Domain user permissions to join the domain

Enterprise 2019-07-26 09:13:34 views: null

Ordinary users to join the domain rights issues. I now want to use an ordinary domain user, so that he can be with or without permission several times to join the domain is not limited to 10 times the number of domain-joined, is there any good way to achieve it? And then disable all other domain users permissions to join the domain, I ask how to achieve better.

Answer: Based on your description, you want to know how to make a user has permission to 10 times larger than the default domain-joined computers. We can accomplish this by:

1, open the Group Policy Editor, double-click the Default Domain Controllers Policy

2. Expand find the following policy:
Computer Configuration | Windows Settings | Security Settings | Local Policies | User Rights Assignment | add workstations to the domain

3. Double-click the policy, which will be authenticated users to remove, and then add into the user's account.

These above operations, is used to set the default permission right to join a computer 10 domain. Then, we need to modify the default 10 times this limitation: you see articles from Active Directory SEO http://gnaw0725.blog.51cto.com/156601/d-1

  1. Run Adsiedit.msc as an administrator of the domain.

  2. Expand Domain NC node. This node contains objects that begin with "DC =", reflects the correct domain name. Right-click the object, and then click Properties.

  3. In the properties box you want to view, click Both.

  4. In the Select a property to view box, click ms-DS-MachineAccountQuota.

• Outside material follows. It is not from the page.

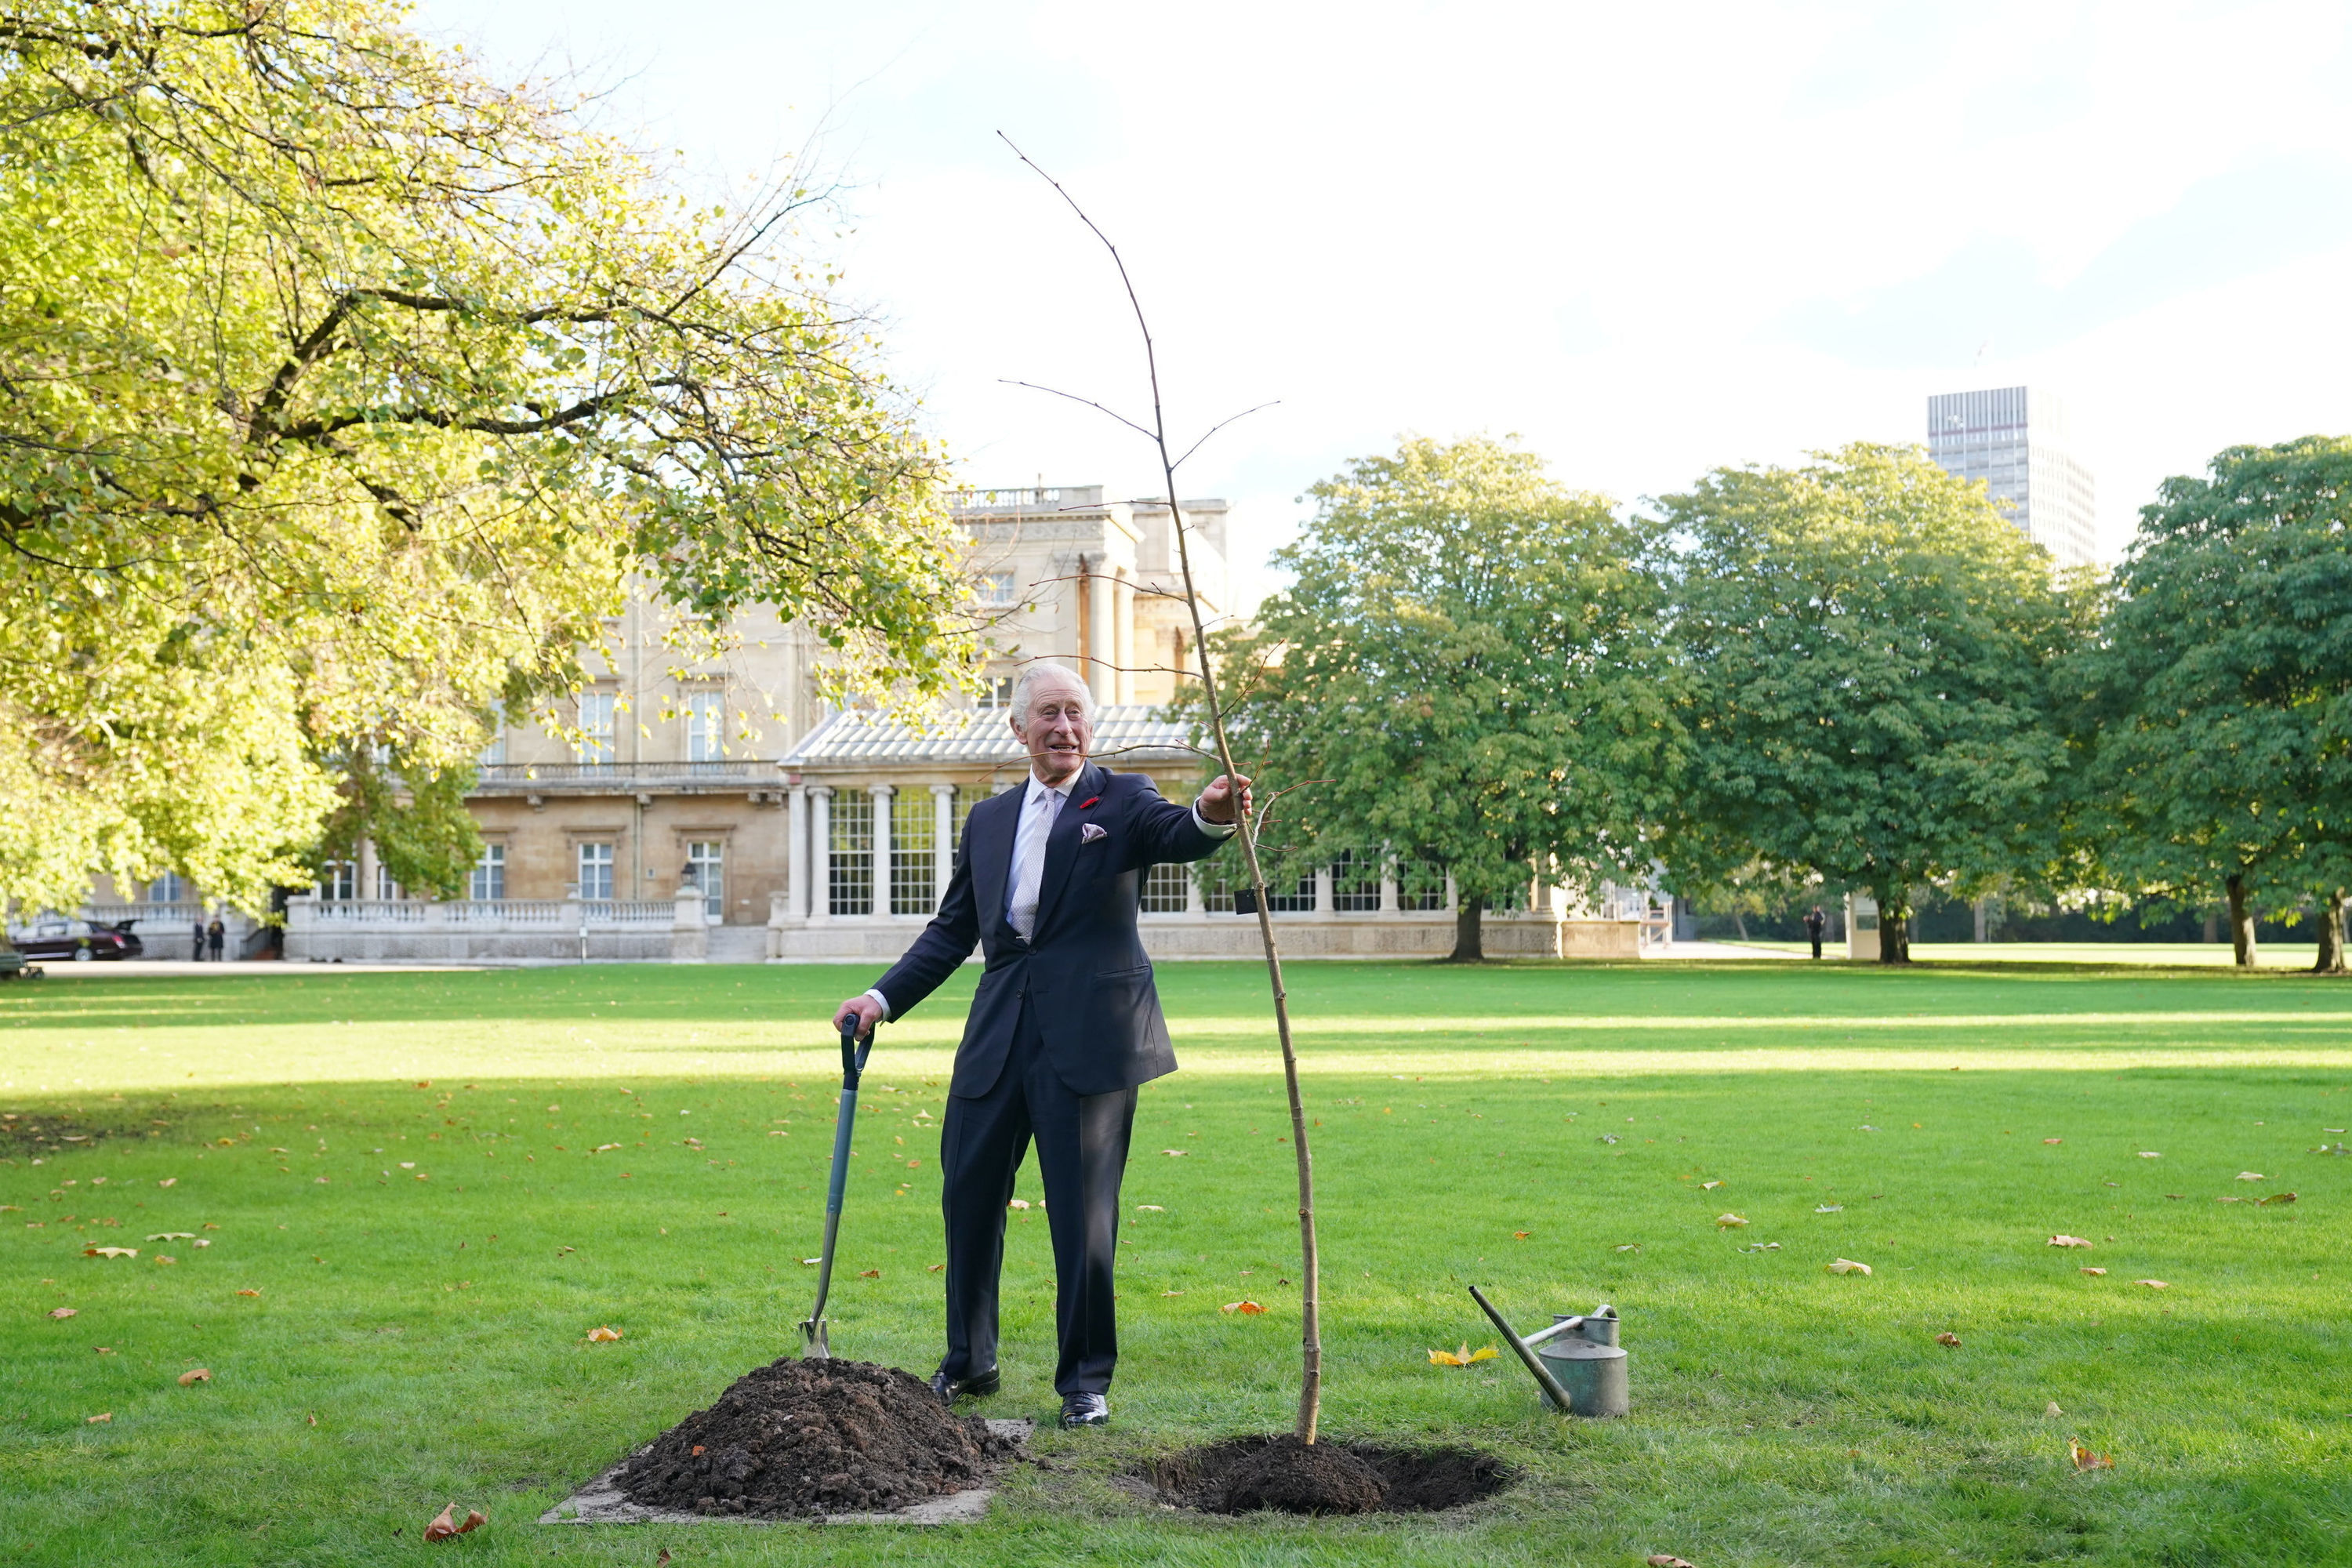 <p>King Charles III planted a lime tree near the Tea House in the Buckingham Palace garden for the Queen's Green Canopy -- a tree-planting initiative created to mark the late monarch Queen Elizabeth II's Platinum Jubilee in 2022 -- after hosting a reception for world leaders, business figures, environmentalists and NGOs at Buckingham Palace in London on Nov. 4, 2022, ahead of the Cop27 Summit in Egypt. </p>

  5. In the Edit Attribute box, type a number. This number represents the number of users that may be maintained while the desired station.
  6. Click Settings, and then click OK.

If you need to set up a separate user with this permission, you can use the following steps to grant this particular user to create computer objects permissions:

  1. From Active Directory Users and Computers snap-in, click Advanced Features on the View menu, click Properties so that when you open the Security tab.

  2. Right-click the Computers container, and then click Properties.

  3. On the Security tab, click Advanced.
  4. On the Permissions tab, click Authenticated Users, and then click View / Edit.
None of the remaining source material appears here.